The finance minister also said that the government would amend the Essential Commodities Act of 1955. The Act, which was brought into effect during a time of scarcity, allows the government to control the price and quantity stored of any commodity listed as an essential.
“What is happening is that farmers are producing. There is an abundance of crops, and this sometimes leads to issues because they would want to export, and we don’t permit that. Because of a flip-flop sometimes, farmers don’t get the benefit. Some other times, the consumers suffer. So there is a need to amend the Act,” Sitharaman said.
The government has now said that cereals, edible oils, oilseeds, pulses, onions and potato will be deregulated. It has also said that stock limits will only be imposed in “very exceptional circumstances like national calamities, famine with surge in prices.”
The third such reform announced by Sitharaman was that contract farming will be enabled and a legal framework will be devised to oversee the initiative. This would mean that farmers would be able to enter into contracts with buyers with assured sales price and quantities before the crop is sown providing them with an assured income.
These steps have been advocated by agriculture economist Ashok Gulati for decades and he welcomed the steps. “What the government is doing with these reforms is it is creating alternative channels for farmers to sell their produce. So, they will have more choices,” he told The Wire in an interview. “I am happy that we are finally moving in the right direction. I congratulate the government for these steps.”
CPI(M)-affiliated All India Kisan Sabha, however, criticised the move. “Clearly, the move is to promote free trade under the slogan of one nation one market. The peasantry at large will be at the mercy of the Agri Business Corporations since there will not be any arrangements for price support and price stabilisation for crops. The Agriculture Produce Market Committees will be side-lined and the powers of the state governments will be eroded,” it said in a statement.
Politician and social scientist Yogendra Yadav, while agreeing that the reforms were necessary and overdue, was critical of the government for not focussing on the problems faced by farmers during the period of the lockdown and those that they would face in the next few months.

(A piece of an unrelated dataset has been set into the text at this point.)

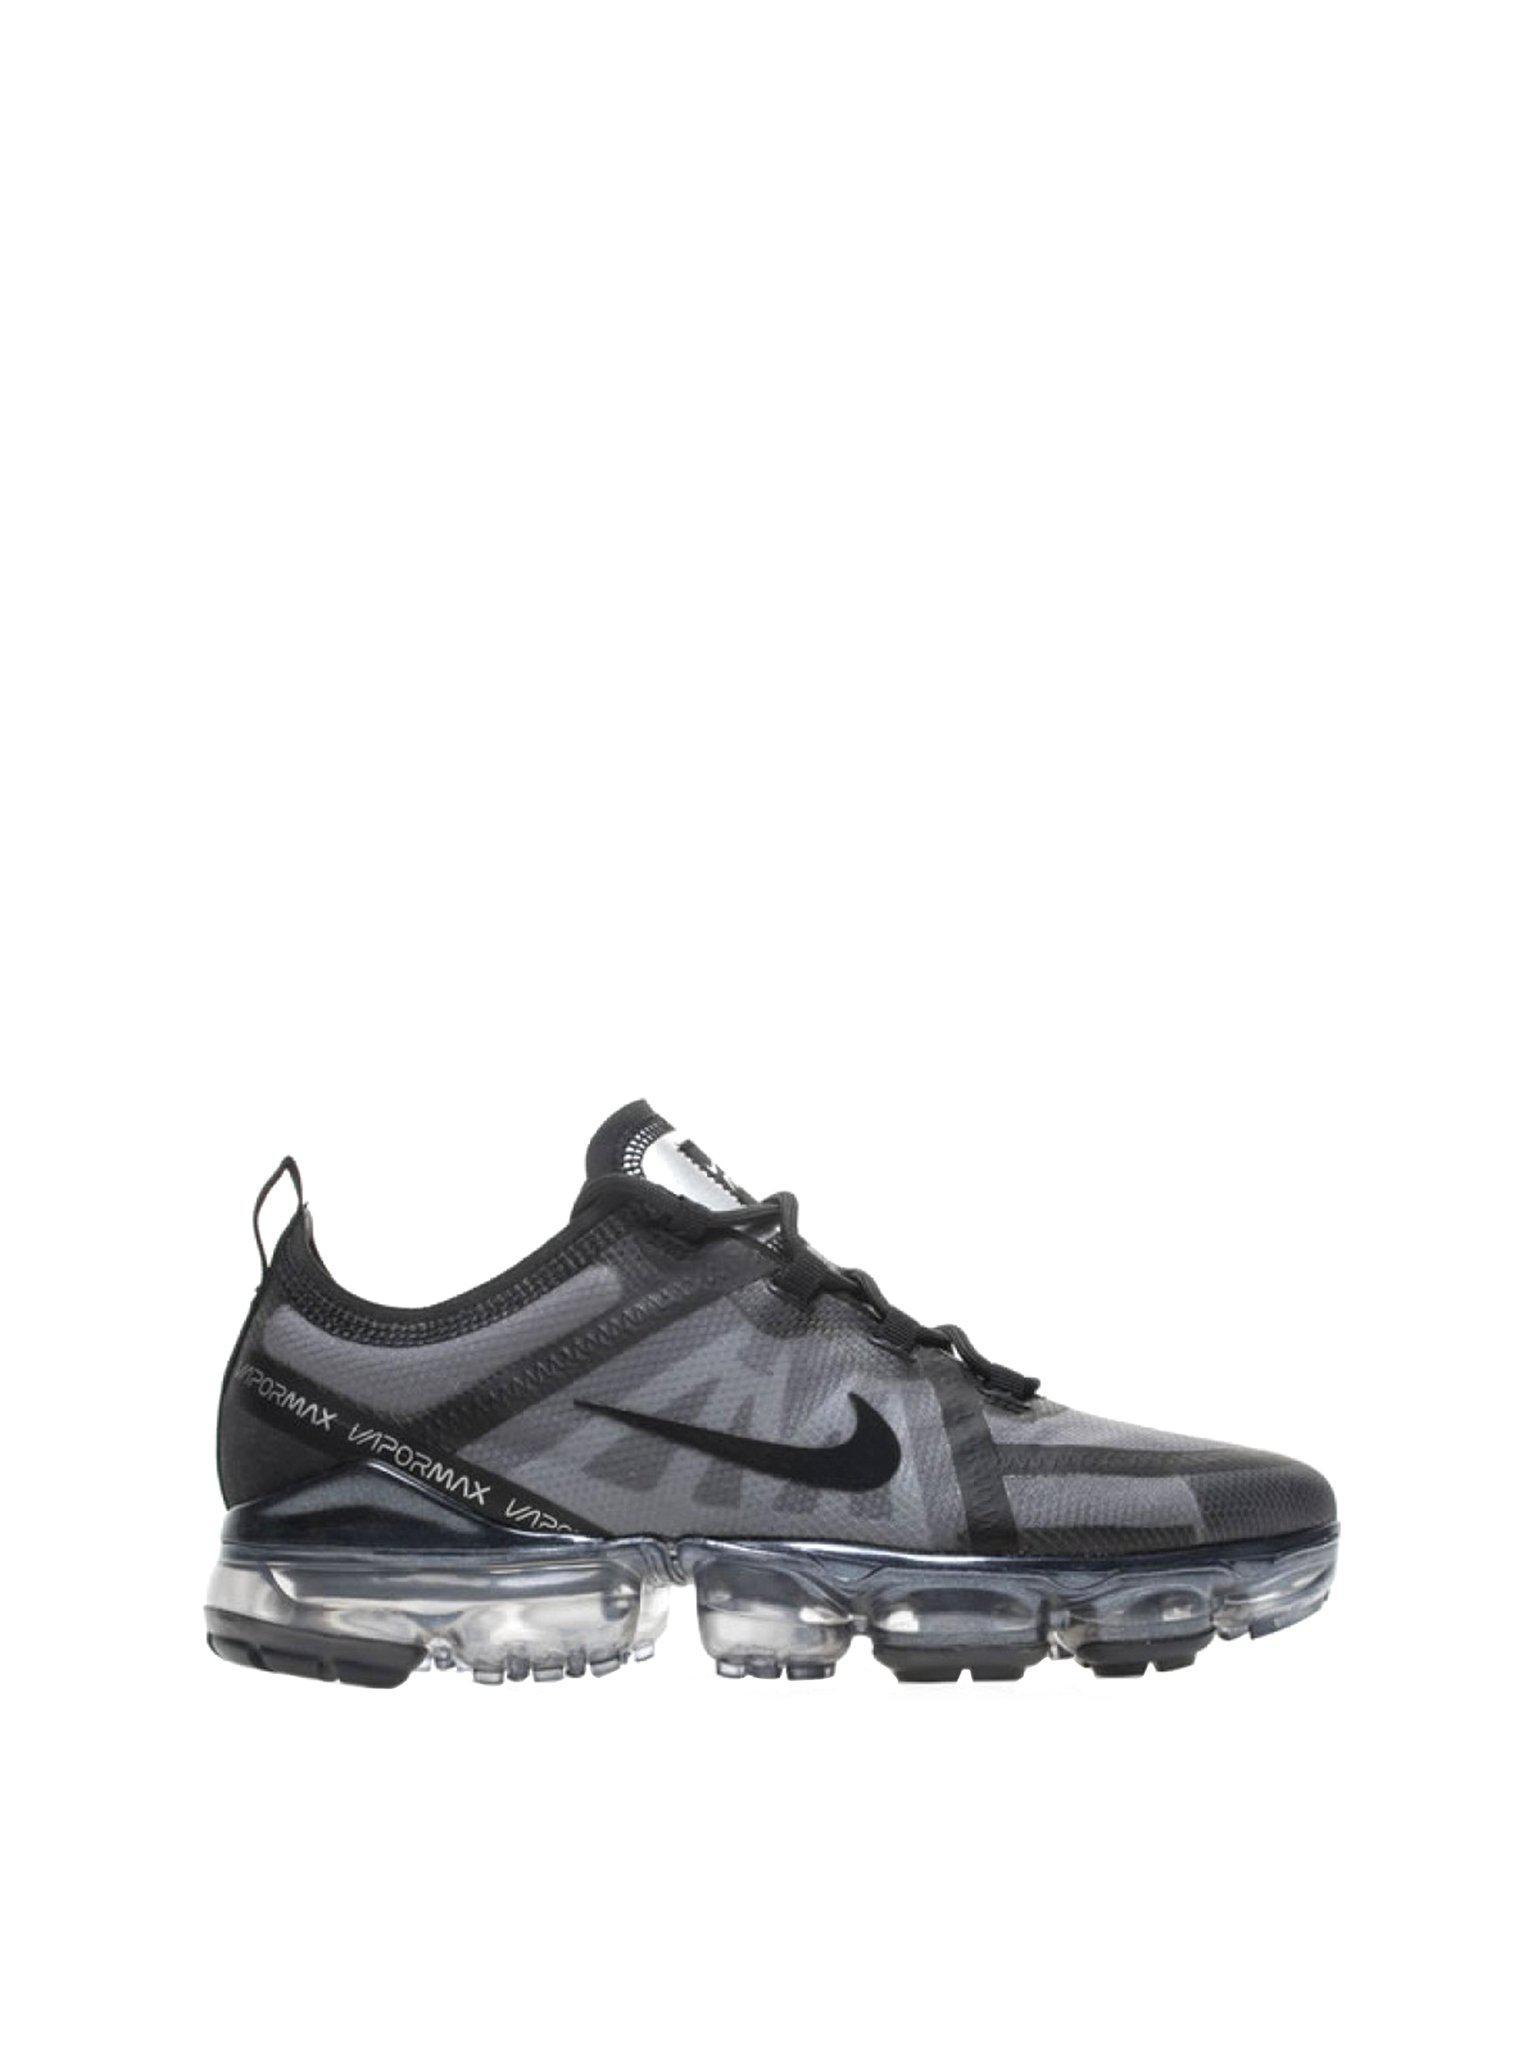 a4d169a93cdf5f Nike Air Vapormax 2019 in Black for Men - Lyst

“I honestly don’t understand what happened this afternoon. Was it a supplementary budget or a policy statement or were they just sent to occupy one hour of screen time and to manage headlines? What do any of the steps announced have to do with COVID and the lockdown? None of the steps will help the farmers in the next three or four months,” he said.
Yadav argued that the government ought to have compensated farmers for the losses suffered in the almost two-month-long lockdown and provided relief for the post lockdown period. A problem that the government and several commentators, including Gulati, have identified for this is that the government lacks the fiscal space.

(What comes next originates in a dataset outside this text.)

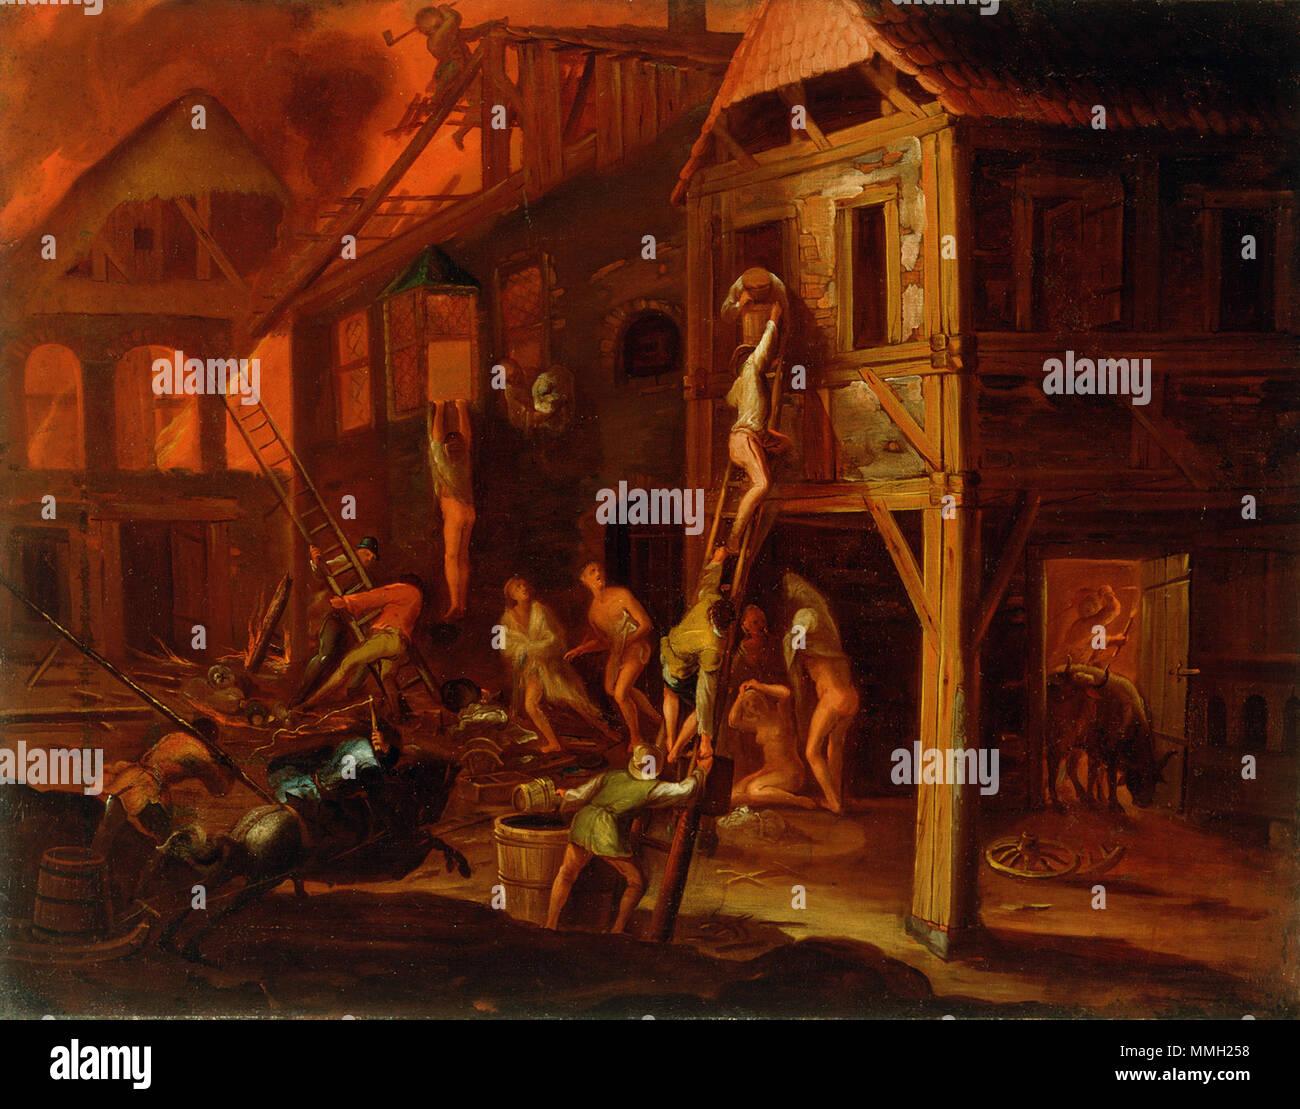 4 T Gillis van Valckenborch - Požar na vasi Immagini Stock

“Why does the government lack the fiscal space? I will tell you why. Because it overestimated its revenues last year. Because it gave an ill-advised Rs 1.45 lakh crore tax break to corporates to deal with an economic downturn. This is why the government doesn’t have the money,” Yadav said.

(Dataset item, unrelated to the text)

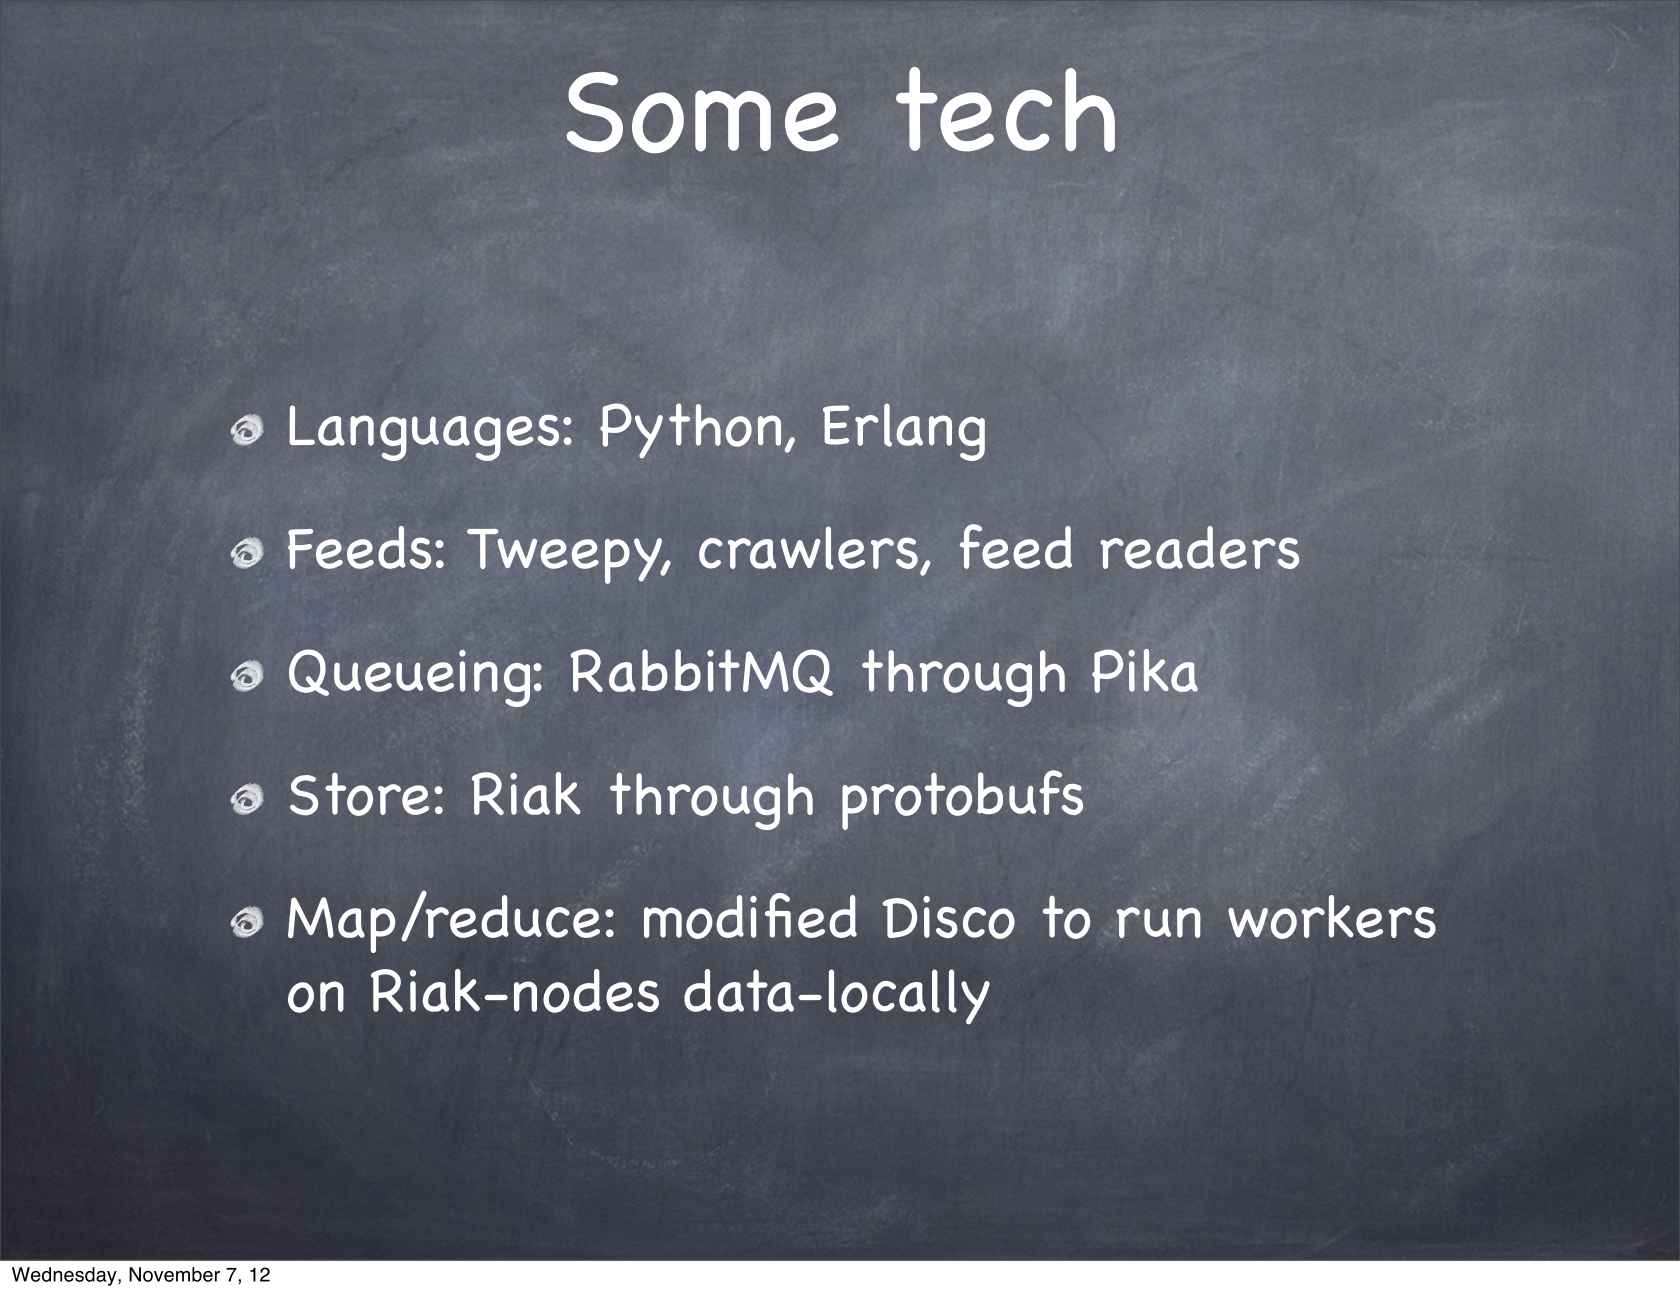 100% Big Data, 0% Hadoop, 0% Java

Former Union agriculture secretary and visiting senior fellow at ICRIER Siraj Hussain said, while writing for MoneyControl, that the Centre’s announcements on Friday also signalled that it doesn’t view its ‘JAM trinity’ (Jan Dhan, Aadhar and mobile) as being capable of addressing the woes of the poor. “While the governance reforms of Essential commodities Act and agricultural marketing are good long-term measures, an important inference from three packages announced by the FM is that the Government does not see Jan Dhan, Aadhaar and Mobile trinity of much use to address the distress of the poor,” he wrote.
“The sad message for a vast majority of India’s poor is that: you are on your own,” he said.